My Week as Guest Editor of Illustration Age: A Look at Magazine Editorial Illustration

For the week of April 28-May 2, I was the guest editor of the Illustration Age website, at the kind invitation of Thomas James. The idea behind this special week of Illustration Age was to look at magazines that use illustration as a major component of their design and content. It’s rare these days to find publications that will not only put an illustration on the cover, but also use illustration as a dominant art form inside. Fortunately, there are still some publications that do this, and we highlighted one a day for the entire week.
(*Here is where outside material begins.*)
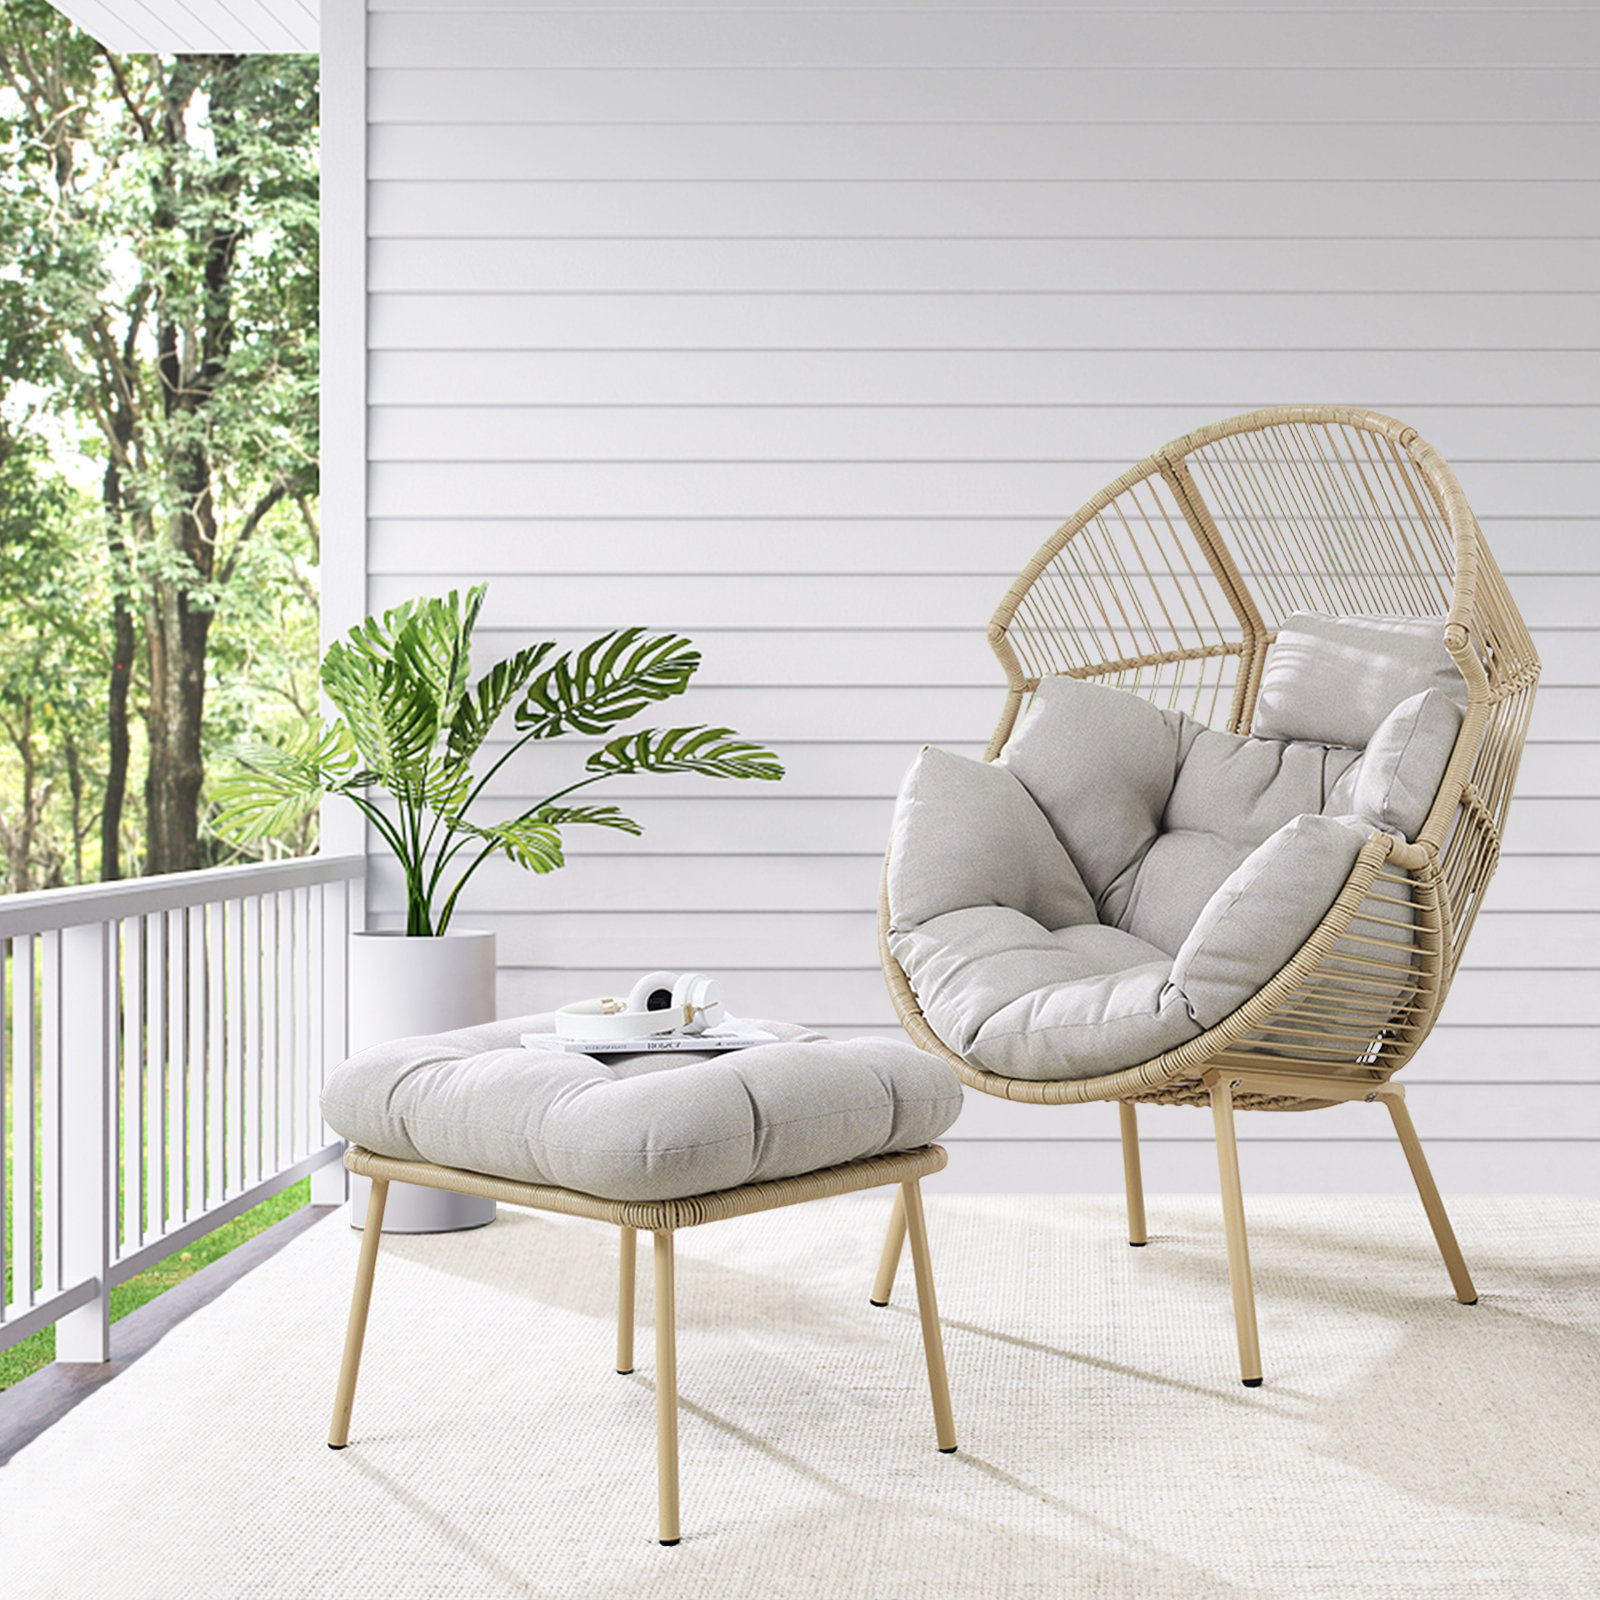 GOOGIC Patio Wicker Egg Chair, Egg Basket Chair with Cushion, Outdoor Patio  Lounge Basket with Stand for Patio Backyard Porch - Beige

The five magazines that we picked: Eight by Eight, Anorak, Reader’s Digest, The Baffler, and The New Yorker, represent a wide variety of genres, audiences, formats, and styles of illustration. But for all of them, illustration is an essential part of the visual identity of the magazine, not just a way to decorate or accompany stories, but an integral part of the regular conversation that is carried on with the readers. The editors and art directors of these magazines are passionate supporters of illustration, each with their own unique aesthetic.

For Illustration Age, we asked each magazine to send us one recent issue. All the illustration selections were taken from that single issue (with the exception of The New Yorker), which makes these collections even more remarkable. Thanks to all the art directors and illustrators who are a part of this week’s Illustration Age series.

Here’s a look at the five magazines, a sample illustration from each, and links to all the Illustration Age collections.

(Above): Illustration by Nigel Buchanan.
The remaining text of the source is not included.